In your example, you are using TF-DF with "Hessian split scores + Global optimization". I think (I might be wrong) that XGBoost uses "Hessian split scores + divide-and-conquer". "divide-and-conquer" is simpler to think about, but this won't change the conclusion.
For TF-DF, those different solutions can be tested as follow in a colab:
import tensorflow_decision_forests as tfdf
import pandas as pd
dataset = pd.DataFrame({"Feature_a":[0,0,1,0],"Feature_b":[1,0,1,1],"label":[0,0,1,0]})
tf_dataset = tfdf.keras.pd_dataframe_to_tf_dataset(dataset, label="label")
model = tfdf.keras.GradientBoostedTreesModel(validation_ratio=0.0,
num_trees=1,
min_examples=1,
#growing_strategy="BEST_FIRST_GLOBAL",
#use_hessian_gain=True
)
model.fit(tf_dataset)
tfdf.model_plotter.plot_model_in_colab(model, tree_idx=0, max_depth=10)
Results:
#growing_strategy="BEST_FIRST_GLOBAL",
#use_hessian_gain=True
-> 1 split
growing_strategy="BEST_FIRST_GLOBAL",
#use_hessian_gain=True
-> 1 split
#growing_strategy="BEST_FIRST_GLOBAL",
use_hessian_gain=True
-> 2 split
growing_strategy="BEST_FIRST_GLOBAL",
use_hessian_gain=True
-> 2 split
About the scores:
When not using Hessian split scores, the score (for a binary classification like in your example) is the reduction of variance:
$$ score = (\sum_{c \in children} variance(c)) - variance(parent) $$
When using Hessian split scores, the score (for a binary classification like in your example) is informally the sum of newtown step value (not taking regularization into account):
$$ (1) score ~= \sum_{children} sum_grad^2/sum_hessian $$
Using the same notation, in XGBoost, the score is (after reading the paper again):
$$ (2) score ~= (\sum_{children} sum_grad^2/sum_hessian) - sum_grad_parent^2/sum_hessian_parent. $$
In addition, in TF-DF, splits with negative scores are ignored.
In your example
If using divide-and-conquer, the "parent term" is the same for all the children.

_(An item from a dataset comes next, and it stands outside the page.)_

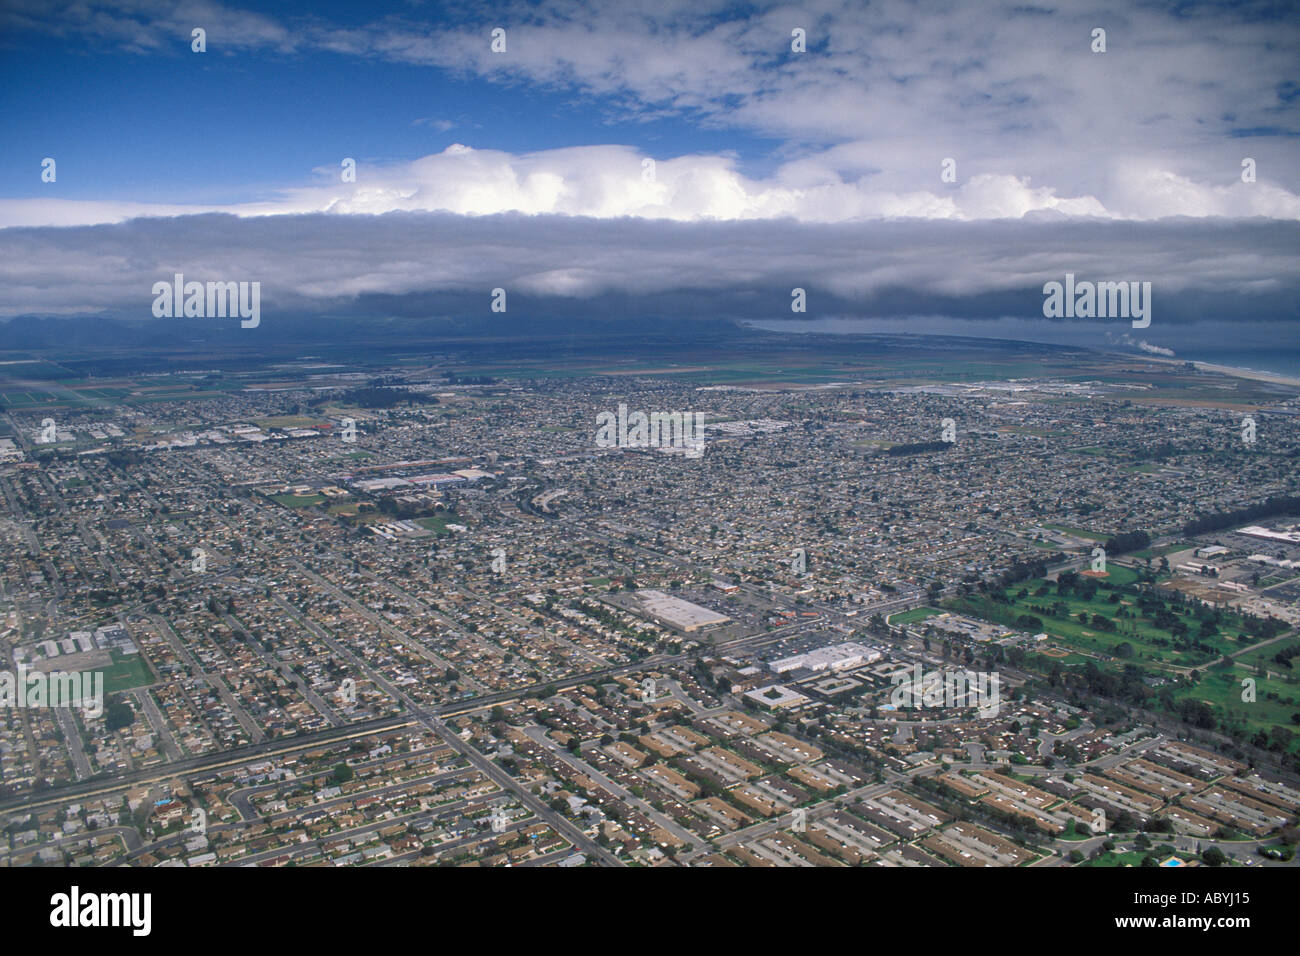 Aerial view of storm clouds over the suburban Ventura county coast California  Stock Photo

Therefore, the best split is the same in both versions (1) and (2). However, the detection of invalid splits is different (a split might be valid for (1) and invalid for (2)). Actually, a split cannot be invalid in (1) (at least not from the score alone). While I think this difference is visible on small datasets, but less likely to happen on large datasets (to be confirmed).
For global optimization, this is more complex.
Thinking about it, the version (2) makes more sense. I added a hyper-parameter to test it. The results are as follow:
Some other tests
Replacing score formulation (1) -> (2)
In your example.
On the adult dataset, 10 CV, with various combinations of hyper-parameters:
10 folds CV, on 70 small datasets, with various combinations of hyper-parameters:
Conclusion
The formulation (2) makes more sense, and I wonder if this should be the new default or if this should just be a new hyper-parameter. I'll have to do some more experiments to figure it out (why the drop in AUC; is the increase in speed significant; other impacts).
In the meantime, I've added a new advanced hyper-parameter for it hessian_split_score_subtract_parent
, and it will be available in the next release.
I have to thank you again. Your exploratory work was awesome :).
The hessian_split_score_subtract_parent hyper-parameters and the rejection of null splits was released :).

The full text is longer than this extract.